Sunday, July 8, 2012

Next Month's Job Growth Could Be Even Lower

The Labor Department released jobs numbers for June today and the results were disappointing. Estimates were that non-farm payroll would add around 100k jobs last month. Instead they added just 80K, which is just over half the number needed to keep up with population growth. James Pethokoukis at AEI has put up an updated version of this familiar chart.

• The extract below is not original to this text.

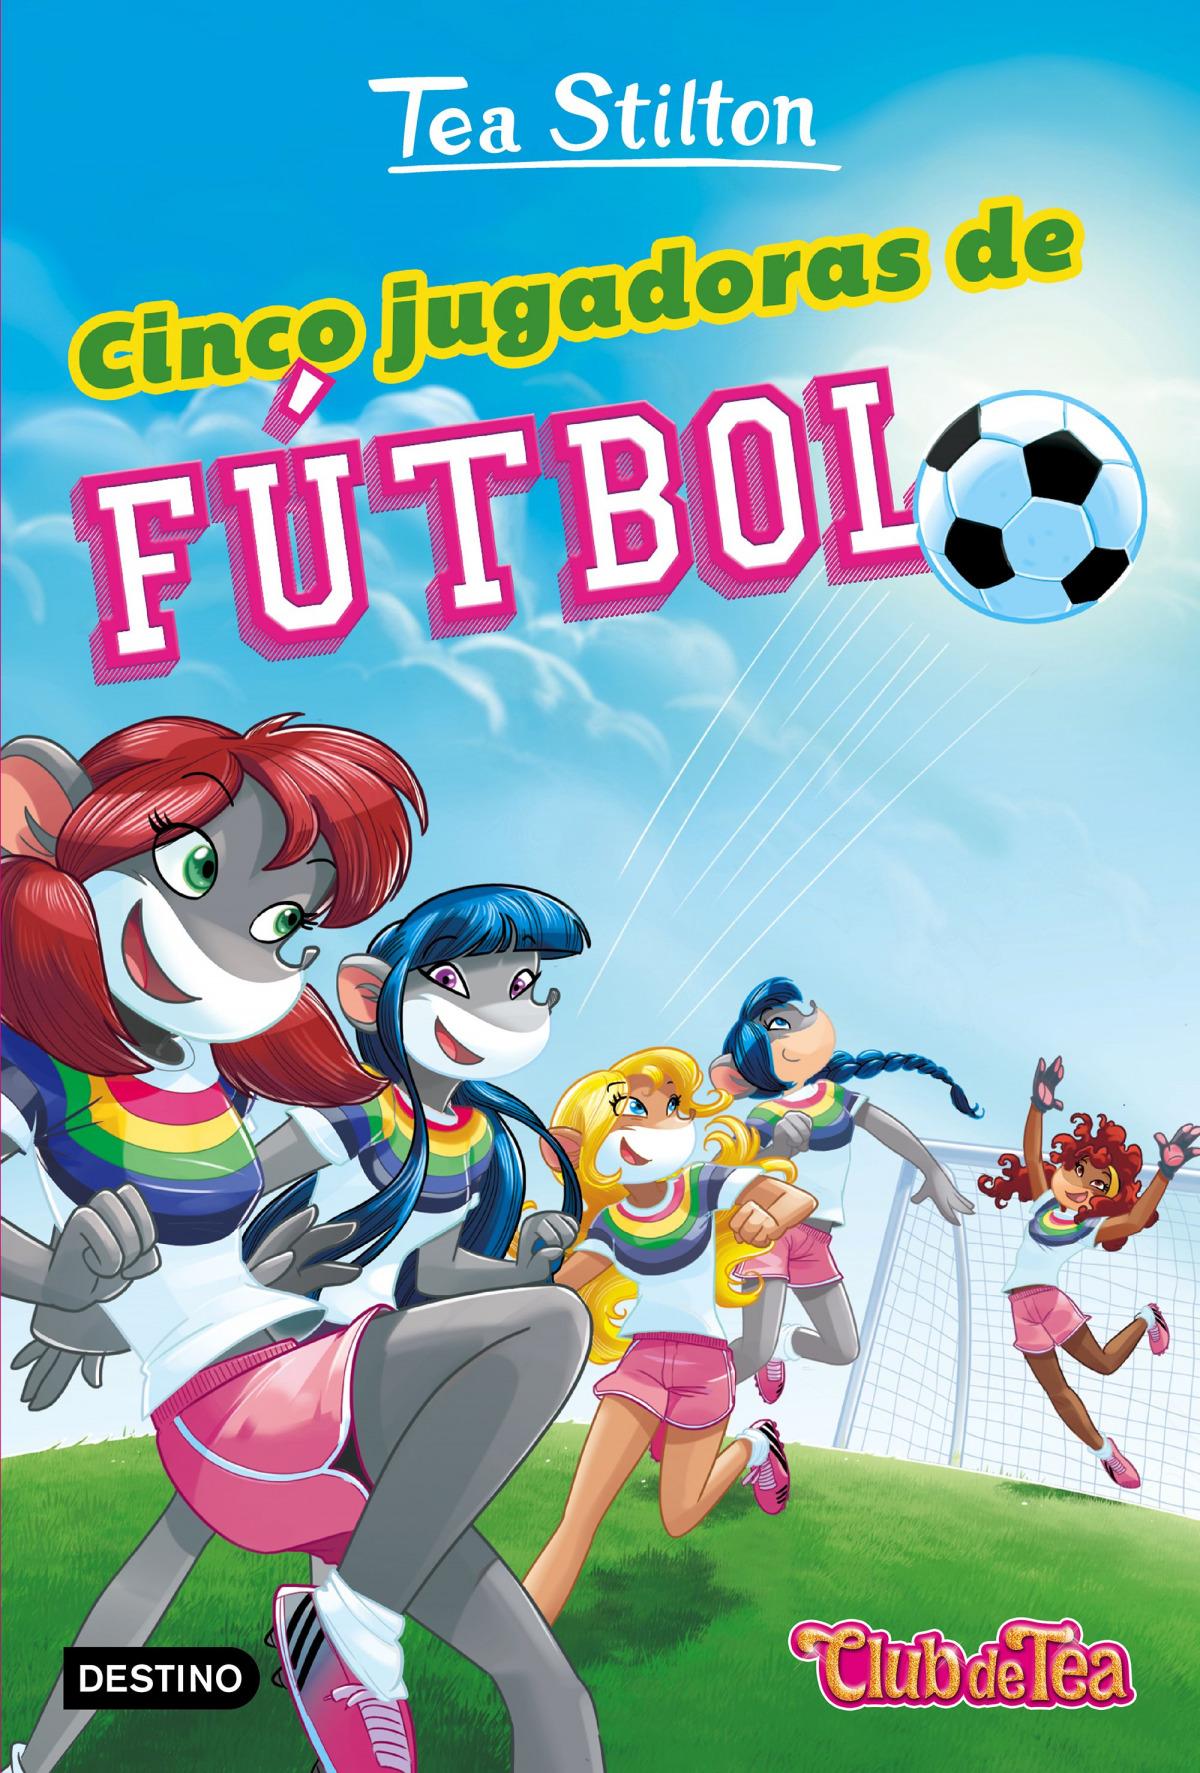 TEA STILTON CINCO JUGADORAS DE FUTBOL

Notice the red dot showing where we are now. It's a full two points higher than where the Obama team thought we'd be at this point without the stimulus plan. And as Pethokoukis notes, the unemployment rate only looks this good because so many people have abandoned the work force. If you include all the people who were part of the workforce when Obama took office, unemployment would literally be off the chart at 10.9 percent.
There's one additional wrinkle to today's numbers that was noticed by Bryan Preston over at the PJ Tatler. According to CNBC, "The birth-death model, which approximates the amount of jobs gained through new businesses created too recently to be counted in the formal survey, added 124,000 positions, meaning that without the estimation the total count would have been a loss of 44,000."
The birth-death model appears to be a fairly good approximation of actual jobs being added, but according to BLS the data varies dramatically on a month to month basis. Some months the b-d model adds a lot of jobs and some months it adds few or is negative. So which months tend to add jobs? From the BLS FAQ on the birth-death model:
Months with generally strong seasonal increases such as April, May and June generally have a relatively large positive factor.